*** Opening of Given data ***
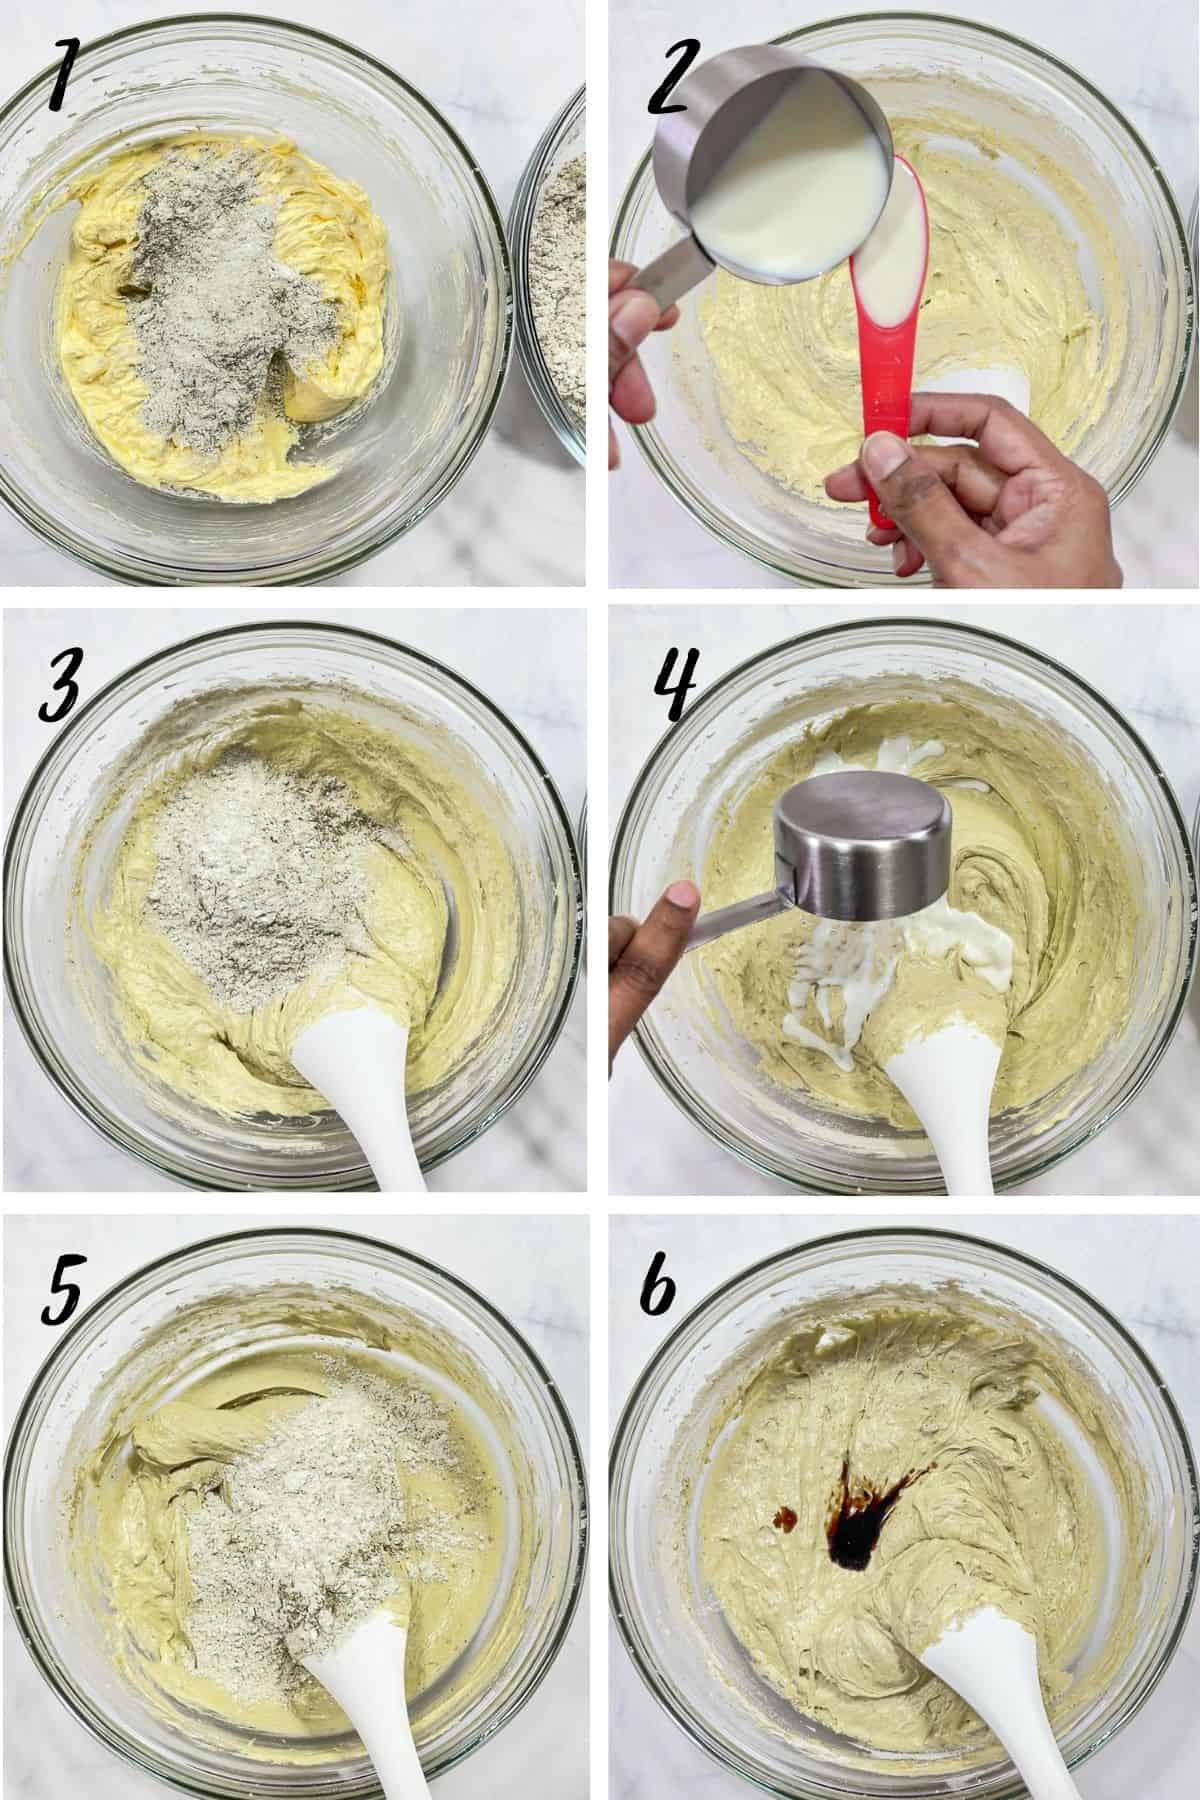 A poster of 6 images showing how to fold flour and milk into cake batter.
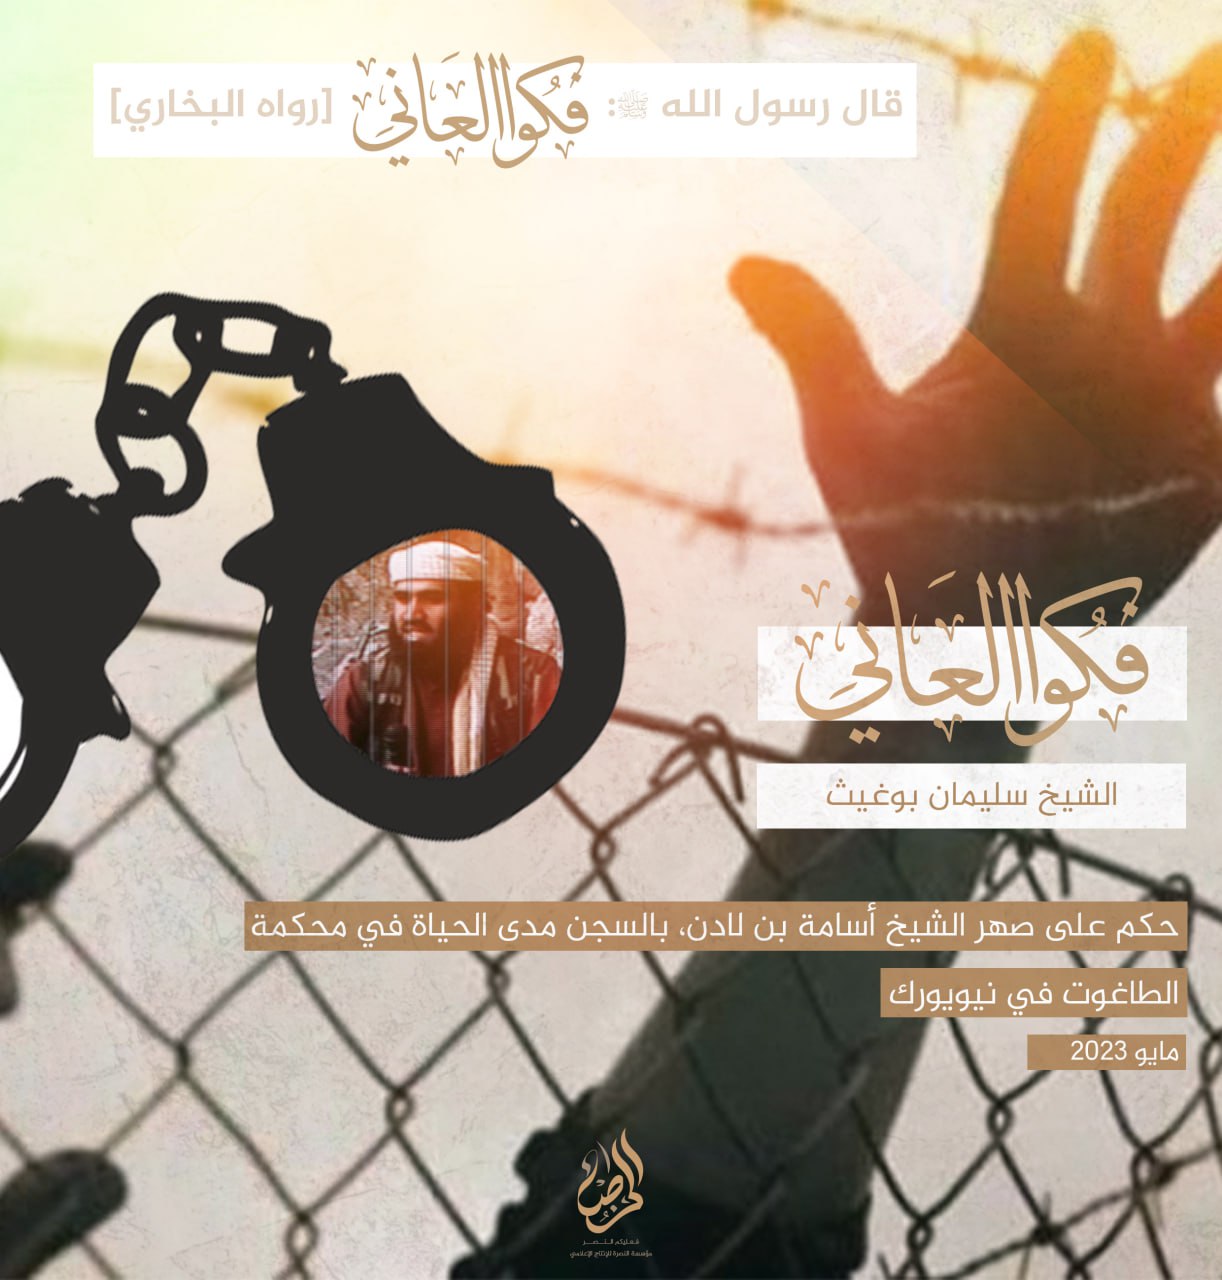 (Poster) al-Nusra Media (Unofficial al-Qaeda) Calls for the Release of Osama Bin Laden's Son in Law, Sulaiman Abu Ghaith, Who Was Sentenced Life in Prison in 2014 in New York, United States - 18 May 2023
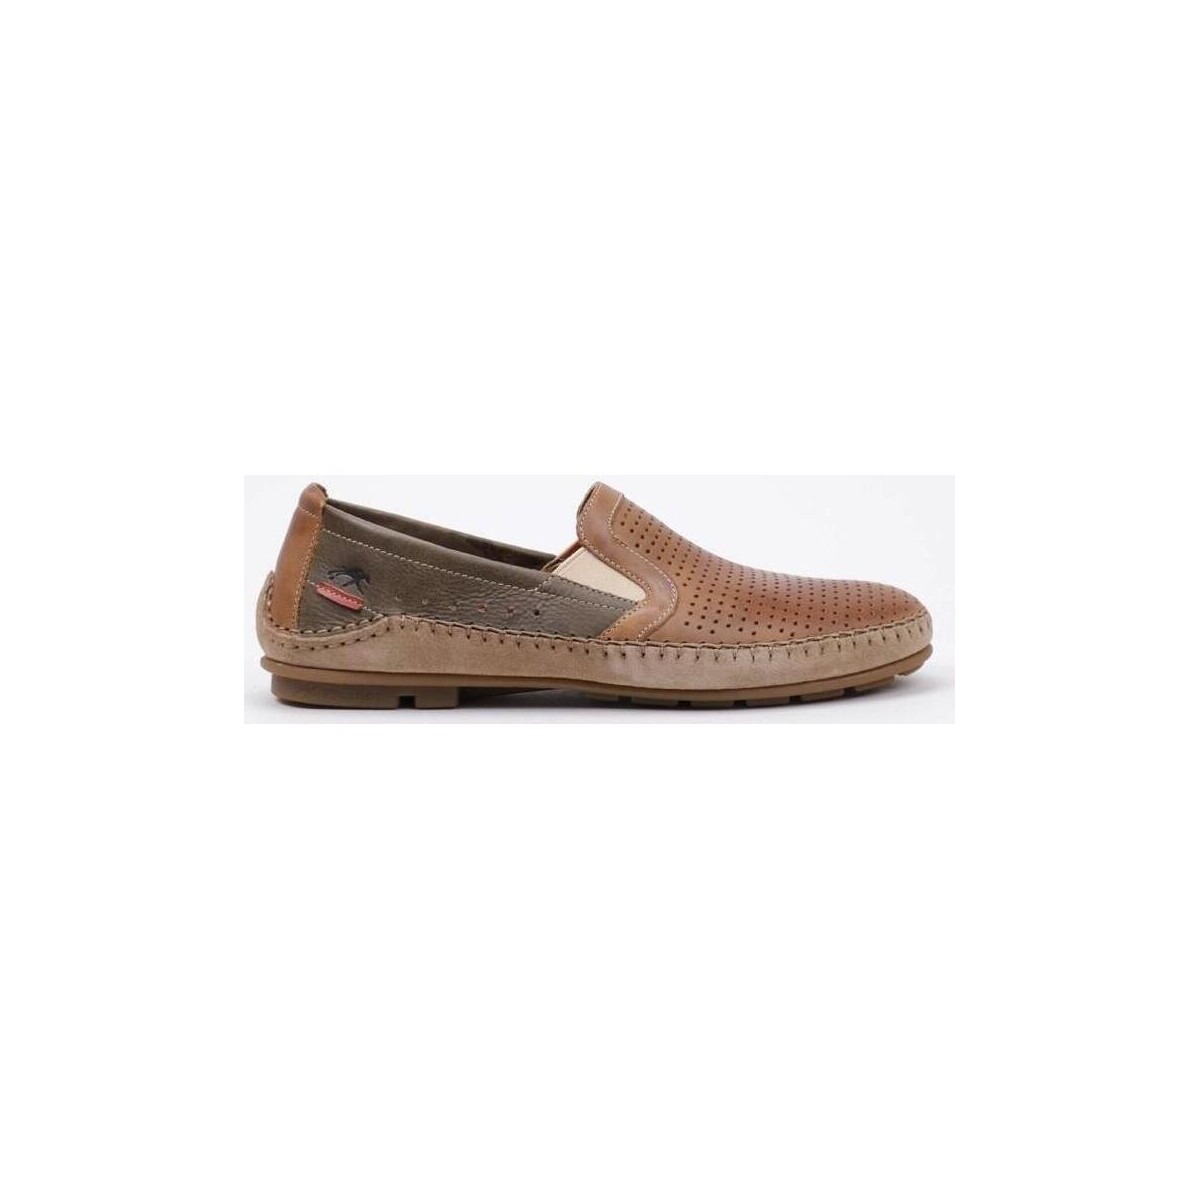 Moccasins in Brown for Man by Spartoo GOOFASH
*** Close of Given data ***
▶ **What the task asks**: Copy the listing character for character, pictures omitted.

▶ **Response area**:
 A poster of 6 images showing how to fold flour and milk into cake batter.
 (Poster) al-Nusra Media (Unofficial al-Qaeda) Calls for the Release of Osama Bin Laden's Son in Law, Sulaiman Abu Ghaith, Who Was Sentenced Life in Prison in 2014 in New York, United States - 18 May 2023
 Moccasins in Brown for Man by Spartoo GOOFASH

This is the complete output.